- Born: 1982 (age 43–44) London, England, UK
- Occupation: Actress
- Years active: 2010–present
- Notable work: EastEnders (2014)

= Rebecca Scroggs =

English actress

 Rebecca Scroggs is an English actress. She has performed numerous roles in the theatre including at the Royal National Theatre, Birmingham Rep and the Sheffield Crucible. She is known for playing Fiona "Tosh" Mackintosh for 63 episodes of BBC’s EastEnders in 2014.

More recent credits include Scarborough (2019), Flack (2019–2020), Alex Rider (2020), and Grace (2021–2023).

==Early life ==
Rebecca Scroggs is an English actress from London, England. Scroggs was a drama student at the University of Sussex during 2002, where she obtained a degree in European Drama and French.
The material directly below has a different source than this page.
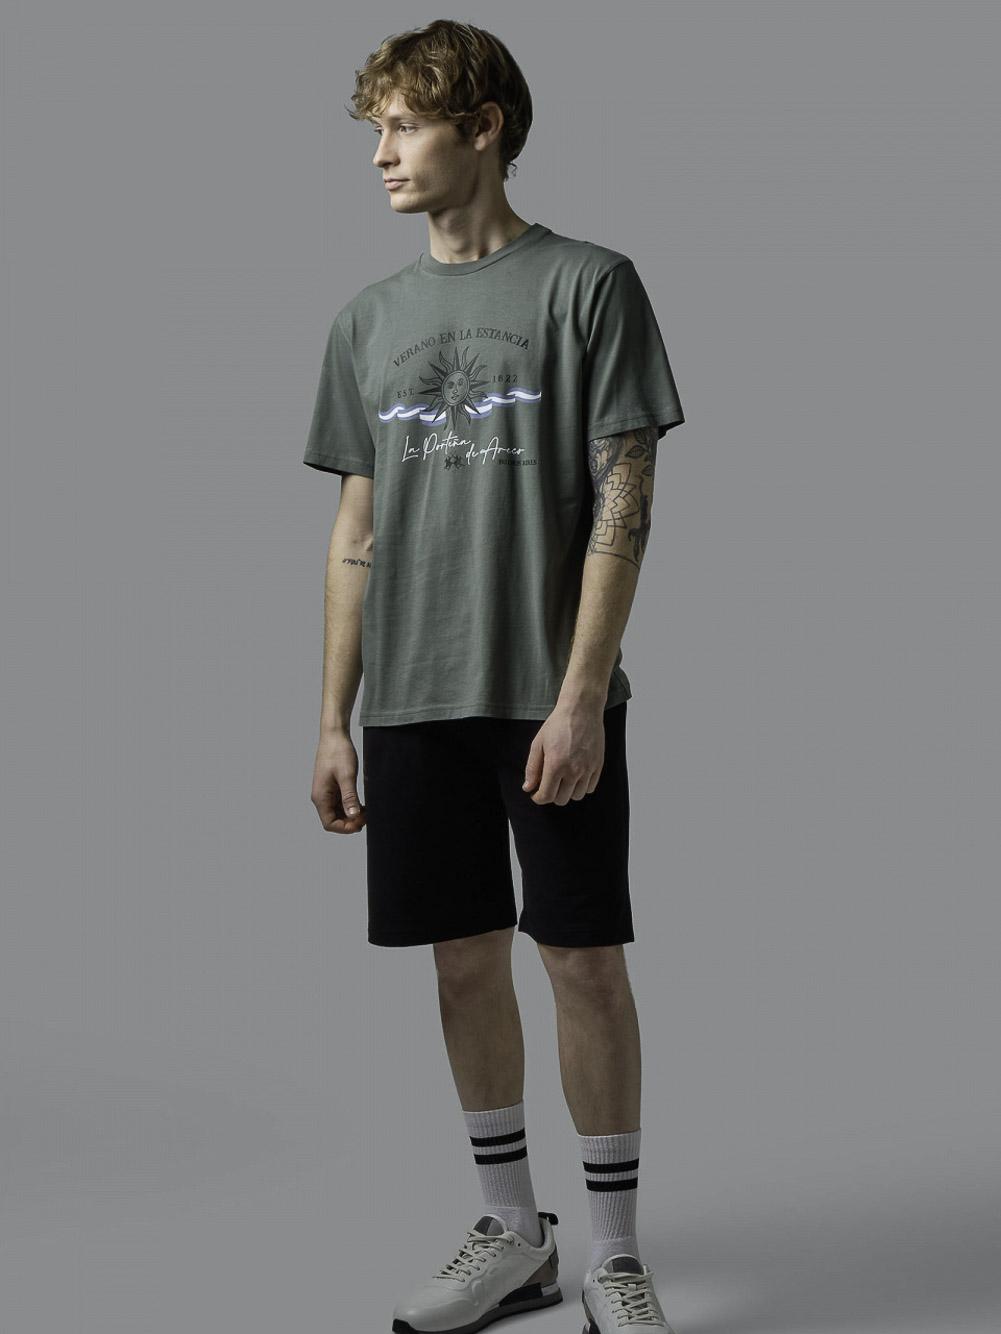 LA MARTINA Μπλούζα t-shirt 3LMRMR015-3208 ΠΡΑΣΙΝΟ

As part of her degree she spent a year at the Universite de Provence, Aix en Provence. Furthering her acting education, Scroggs was one of 32 students selected from 2000 applicants (approx.) to train at the Royal Academy of Dramatic Art (RADA) in London, where she graduated with a Bachelor of Arts in Acting Degree (H Level).

==Career==

===Theatre===
Scroggs began her career at London's Tricycle Theatre appearing in Detaining Justice by Bola Agbaje, directed by Indhu Rubasingham. She appeared at the Royal National Theatre in George Buchner's Danton's Death directed by Michael Grandage in 2010 and again in 2016, as Maya in The Suicide, adapted from the Russian play by Maxim Gorky by Suhayla El-Bushra and directed by Nadia Fall. In 2017 she starred in the premier of Chris Bush's Steel at the Sheffield Crucible, a two hander directed by Rebecca Frecknall, doubling the roles of Vanessa Gallacher and Josie Kirkwood.

===Television and film===
One of first television programmes Scroggs worked on was the BBC’s Planet of the Apemen: Battle for Earth, where she played the character Byana in both Homo Erectus and Neanderthal episodes. The same year, she appeared as Michelle Bouchant in Death in Paradise episode "Music of Murder" alongside Ben Miller and Danny John-Jules. In 2014, Scroggs landed a regular role on BBC’s long running serial EastEnders, where she played Fiona "Tosh" Mackintosh for 63 episodes that year.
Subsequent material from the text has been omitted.